COME
SPIEGARE LA DIVERSITA’ AI BAMBINI
“Perché
lui è in carrozzina?”, “Perché tu e papà non state insieme come i genitori
dei miei compagni?”, “Perché lui ha la pelle nera e io bianca?”. Queste sono
solo alcune delle domande dei nostri figli che ci ricordano come i bambini
siano degli ottimi osservatori. Notano le
differenze ma non giudicano, si domandano per capire e non per puntare il dito.

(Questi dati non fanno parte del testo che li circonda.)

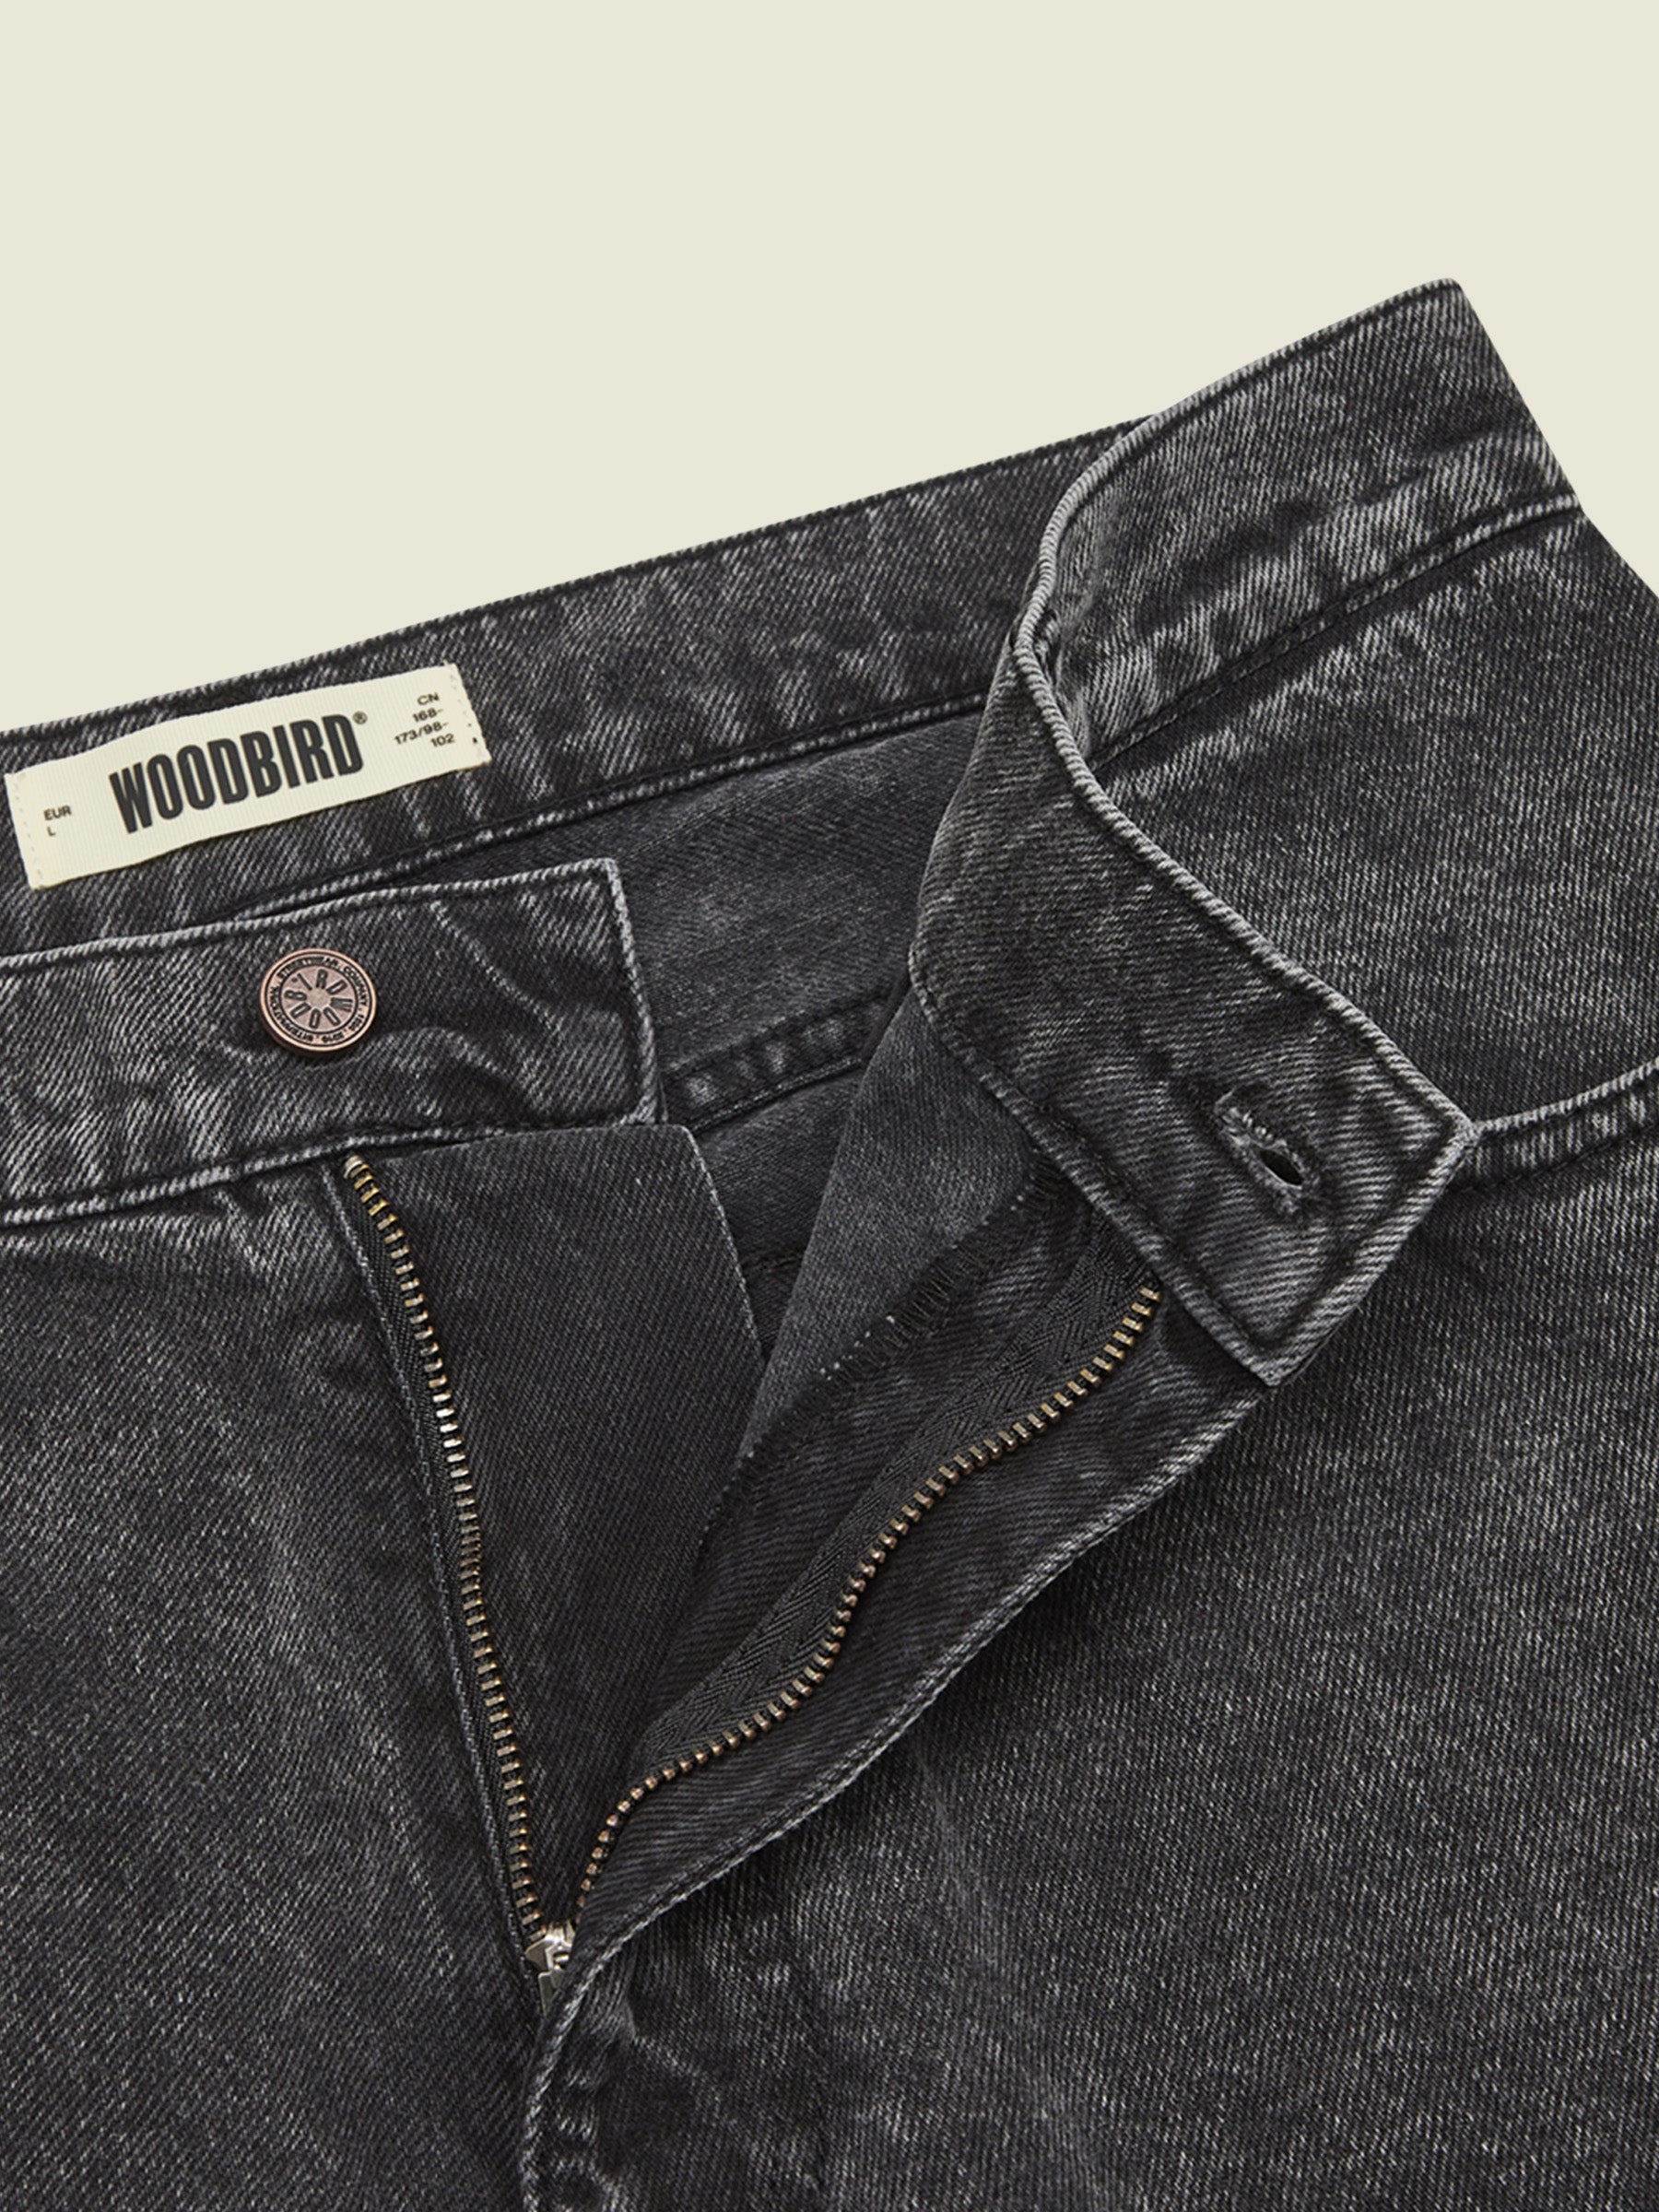 Woodbird Leroy Thun Black Jeans Jeans Dark Grey

Sono le nostre risposte a fare la differenza!
Spesso,
colti di sorpresa, non sappiamo cosa rispondere, facciamo stare zitto il
bambino per evitare il nostro imbarazzo in pubblico, tentiamo di abbozzare una
risposta generica o ancora peggio adottiamo comunicazioni non verbali che
trasmettono la “pericolosità” della diversità, prendendo per mano il bambino,
come per rassicurarlo che l’incontro con il diverso sia solo un caso sfortunato
o un qualcosa da evitare. Così il nostro imbarazzo si
traduce in una
indicazione comportamentale: meglio evitare di
parlare di tutto ciò che è diverso da noi. Ed ecco innescato il seme del pregiudizio.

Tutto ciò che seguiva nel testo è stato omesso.